▸ PROBLEM STATEMENT
Without the images, reproduce each line of the material exactly.

▸ DATA PROVIDED
++++++++

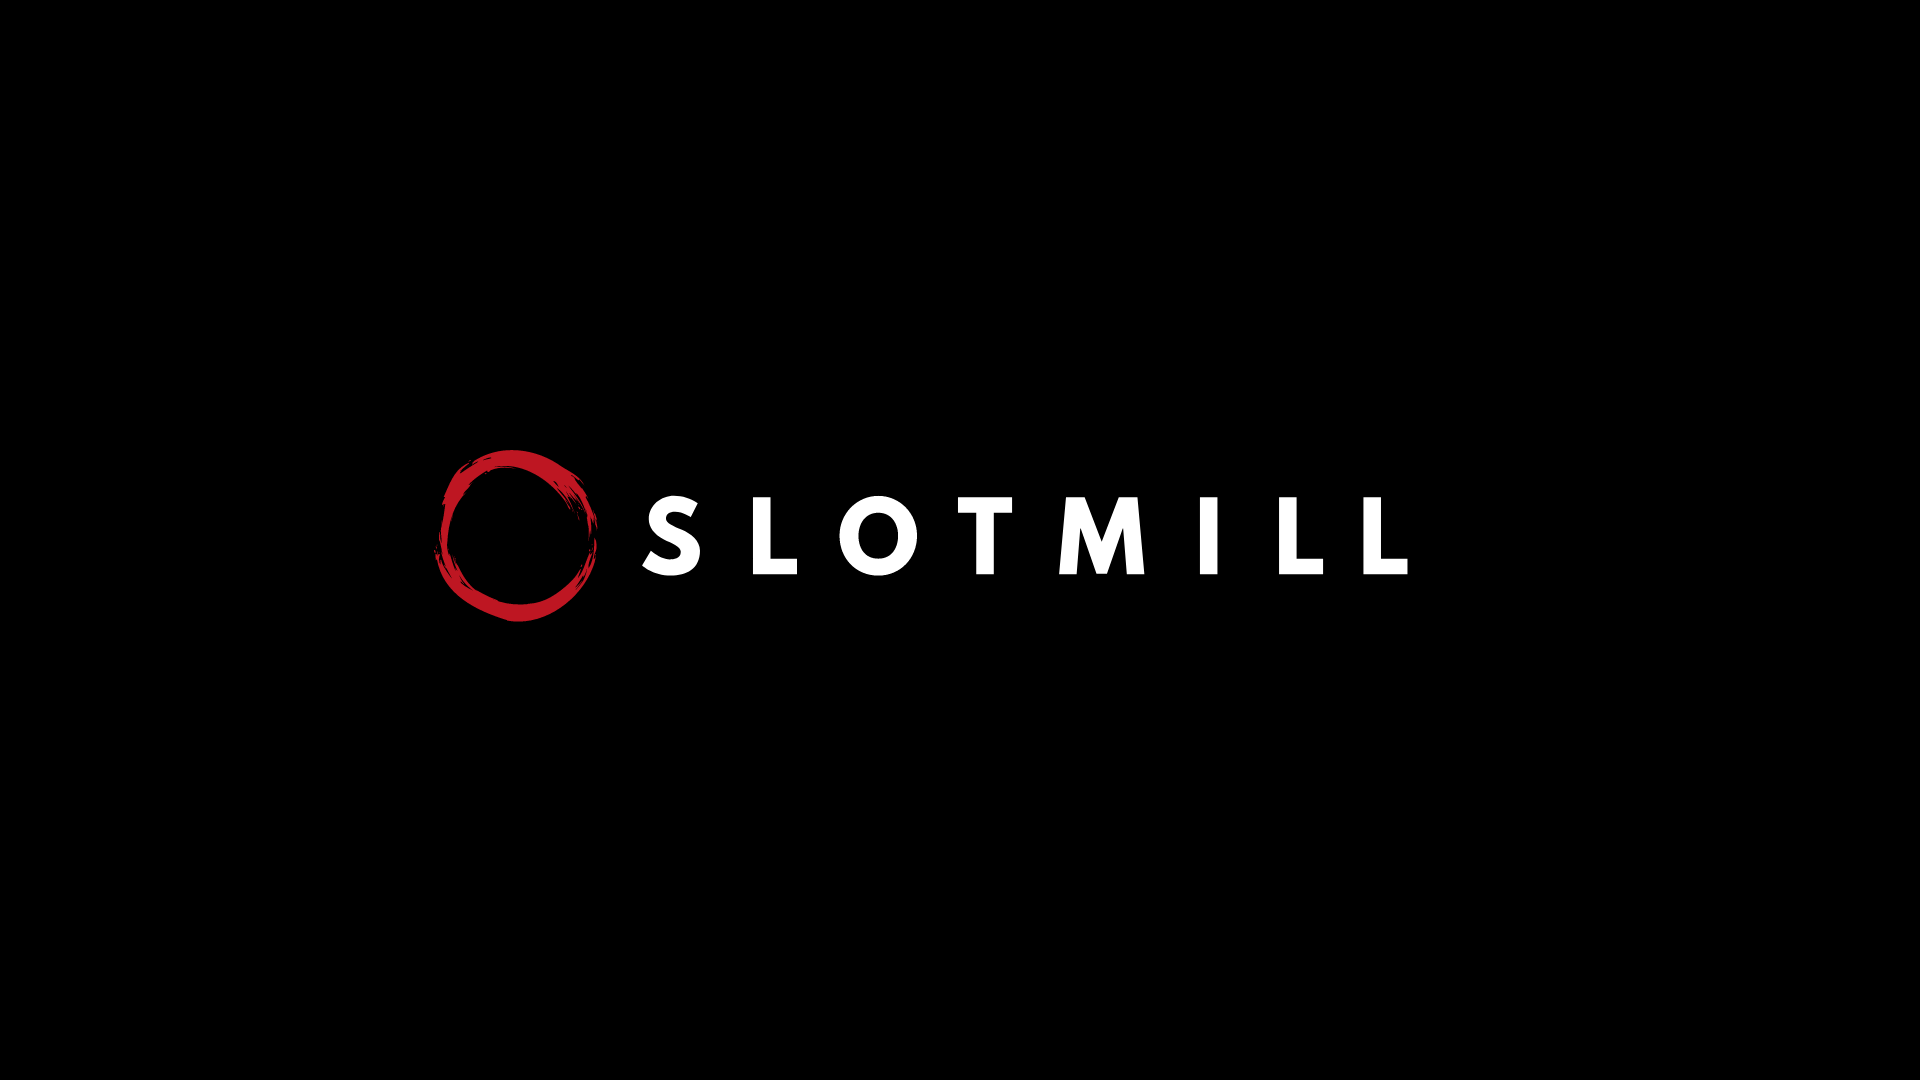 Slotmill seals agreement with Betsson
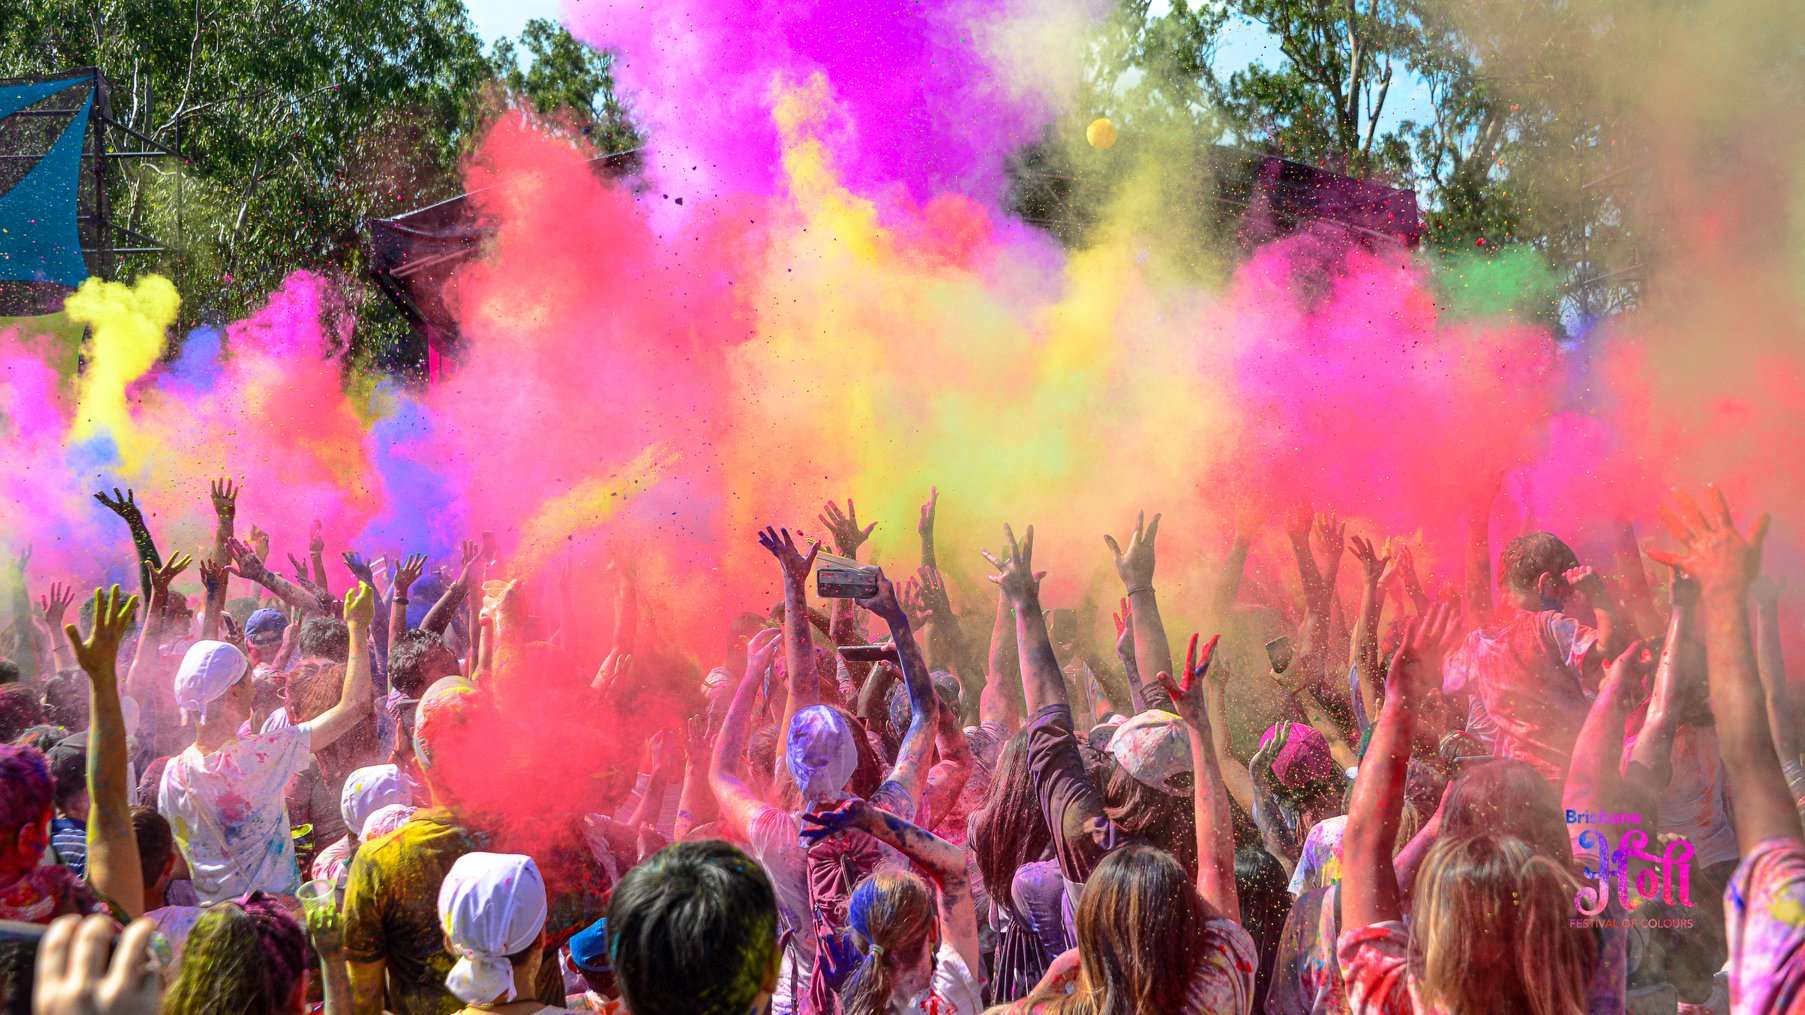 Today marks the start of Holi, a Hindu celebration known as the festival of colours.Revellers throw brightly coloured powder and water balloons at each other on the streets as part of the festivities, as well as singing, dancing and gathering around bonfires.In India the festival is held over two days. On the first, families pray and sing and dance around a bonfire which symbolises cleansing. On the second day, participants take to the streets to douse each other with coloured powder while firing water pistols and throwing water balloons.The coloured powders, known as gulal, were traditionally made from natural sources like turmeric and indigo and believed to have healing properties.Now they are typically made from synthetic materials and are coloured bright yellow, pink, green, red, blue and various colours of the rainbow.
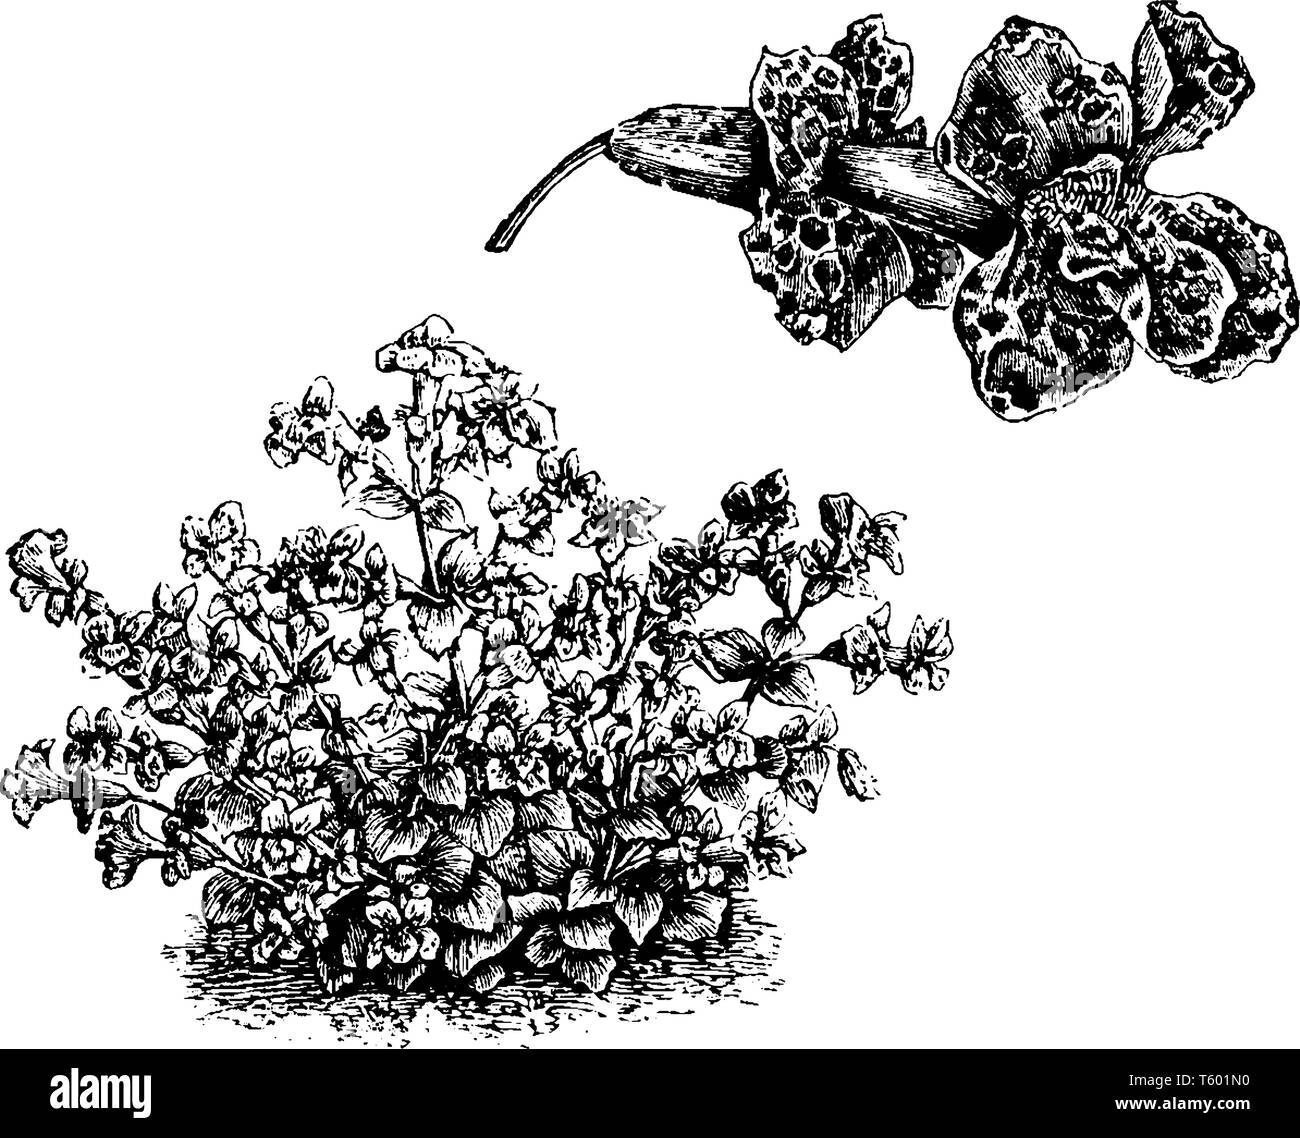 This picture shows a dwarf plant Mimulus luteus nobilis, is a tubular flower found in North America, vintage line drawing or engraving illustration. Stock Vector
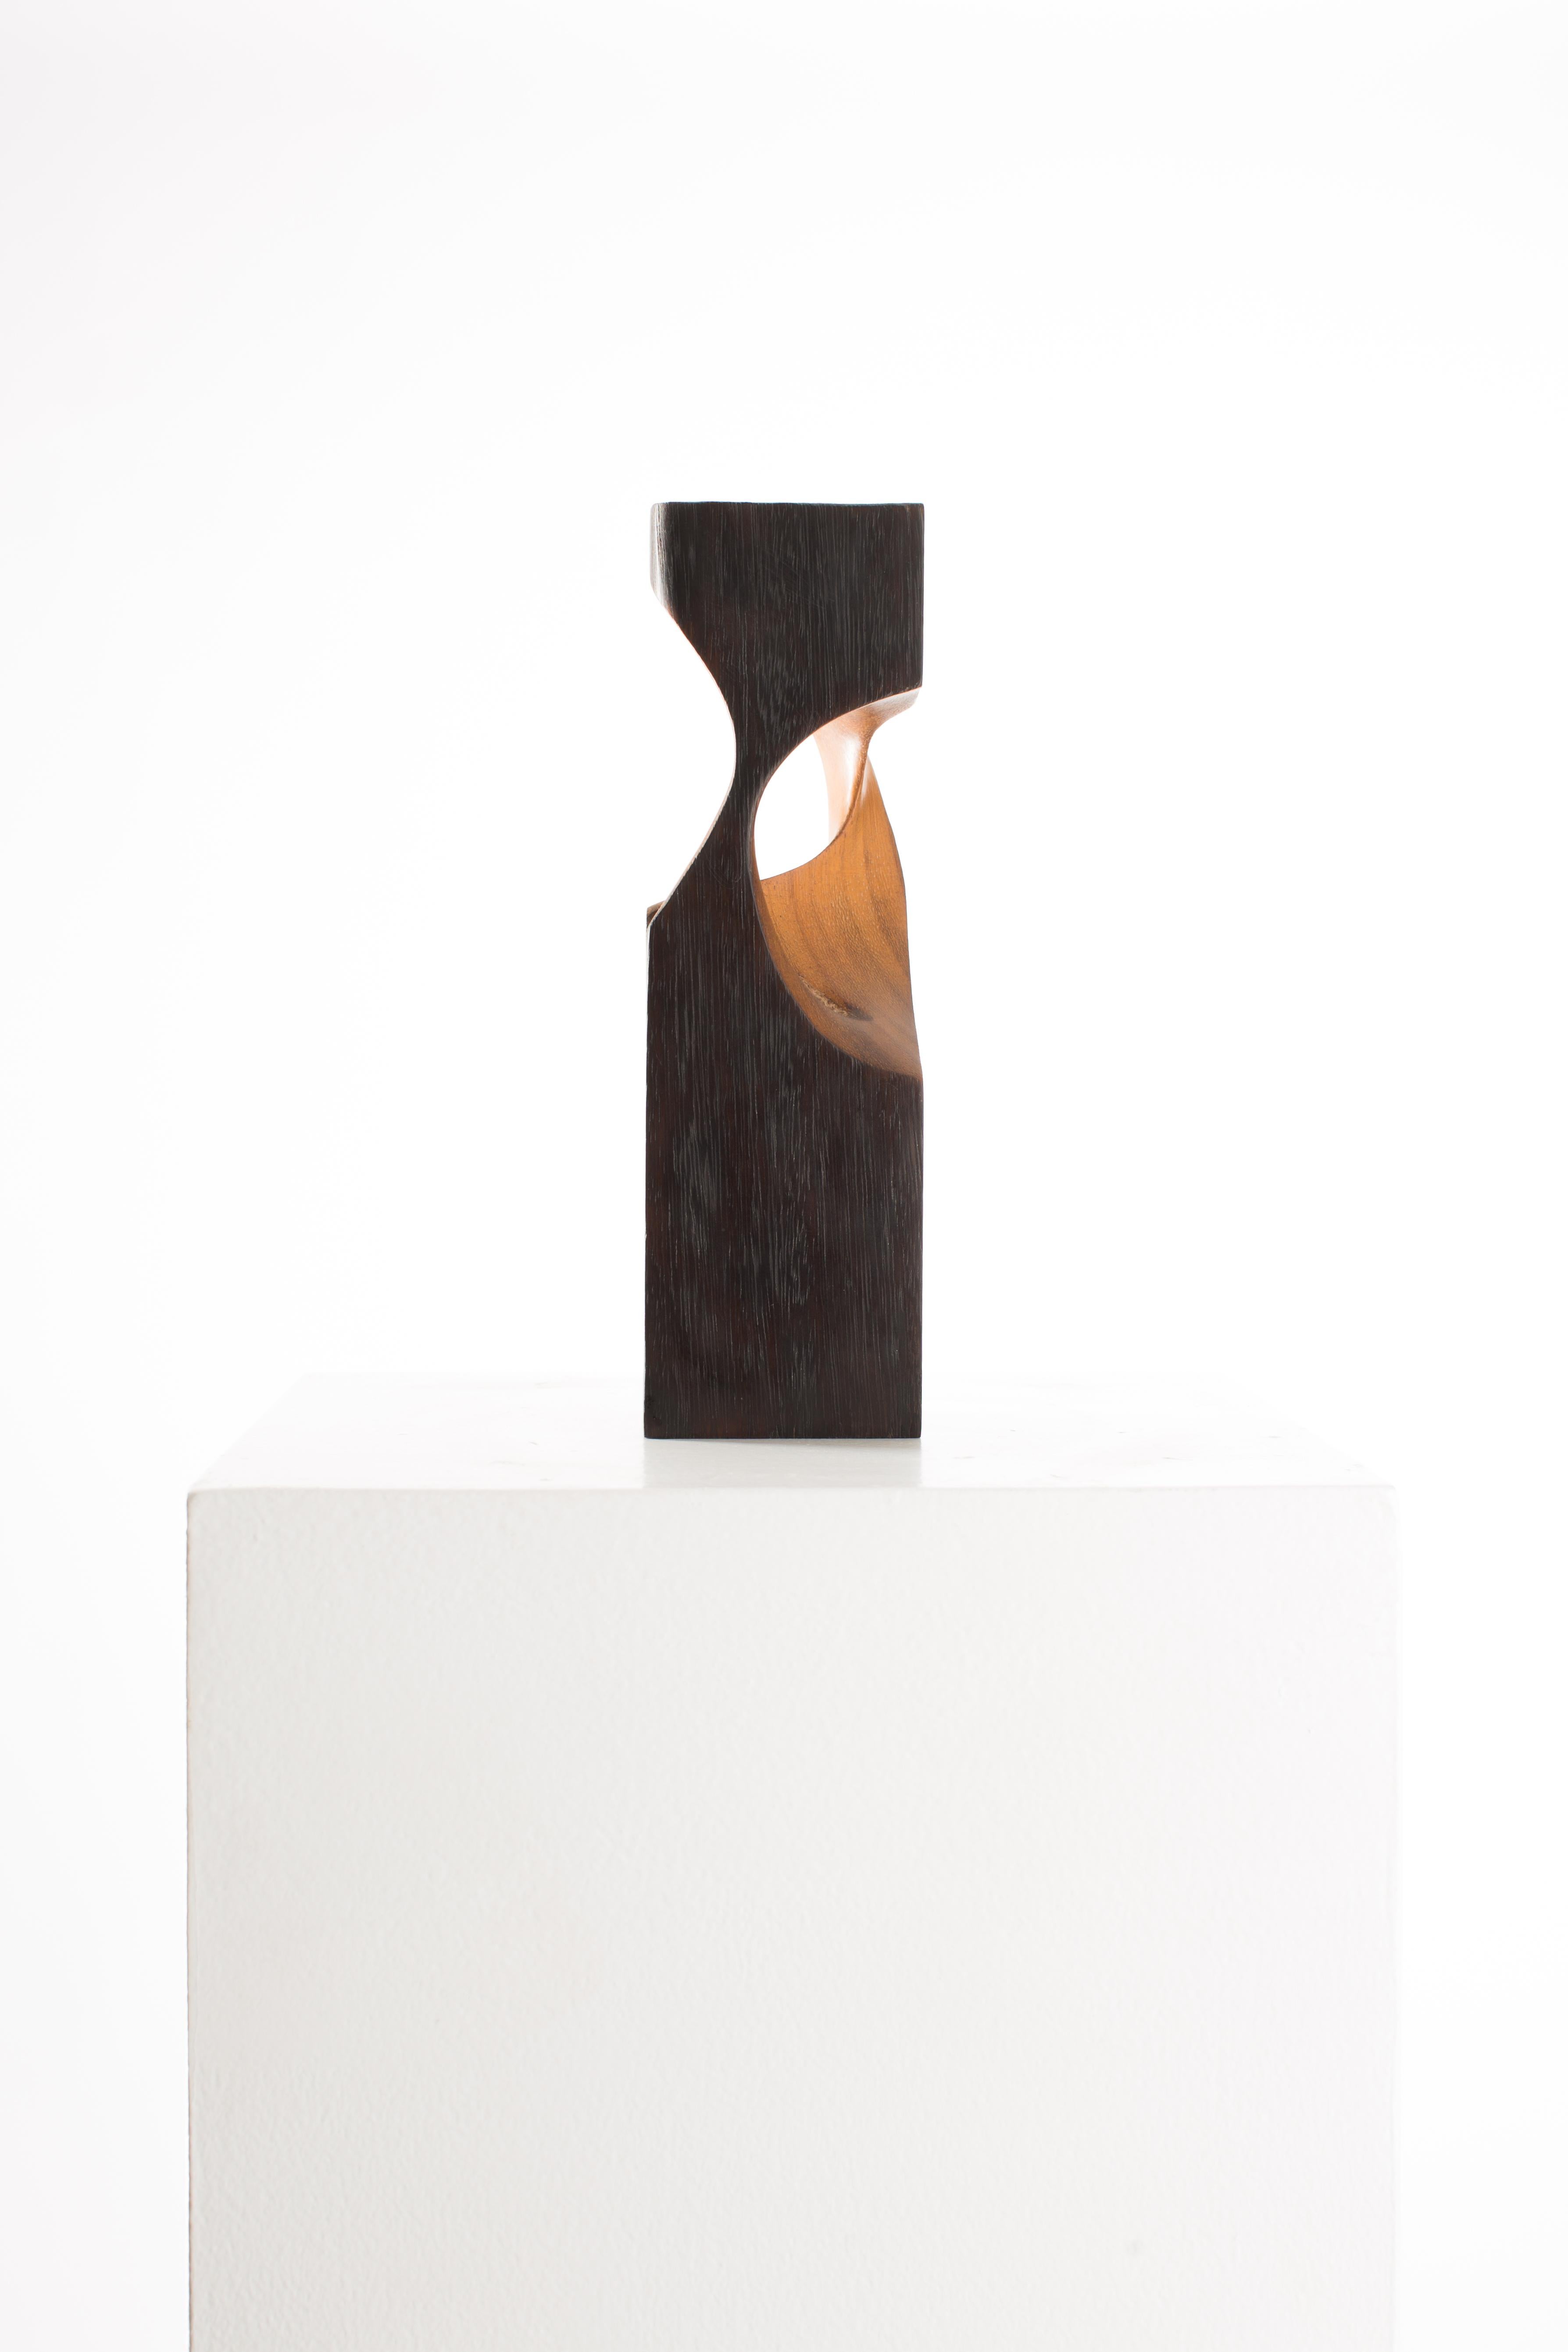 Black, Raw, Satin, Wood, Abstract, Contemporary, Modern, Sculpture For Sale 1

++++++++

▸ RESULT
 Slotmill seals agreement with Betsson
 Today marks the start of Holi, a Hindu celebration known as the festival of colours.Revellers throw brightly coloured powder and water balloons at each other on the streets as part of the festivities, as well as singing, dancing and gathering around bonfires.In India the festival is held over two days. On the first, families pray and sing and dance around a bonfire which symbolises cleansing. On the second day, participants take to the streets to douse each other with coloured powder while firing water pistols and throwing water balloons.The coloured powders, known as gulal, were traditionally made from natural sources like turmeric and indigo and believed to have healing properties.Now they are typically made from synthetic materials and are coloured bright yellow, pink, green, red, blue and various colours of the rainbow.
 This picture shows a dwarf plant Mimulus luteus nobilis, is a tubular flower found in North America, vintage line drawing or engraving illustration. Stock Vector
 Black, Raw, Satin, Wood, Abstract, Contemporary, Modern, Sculpture For Sale 1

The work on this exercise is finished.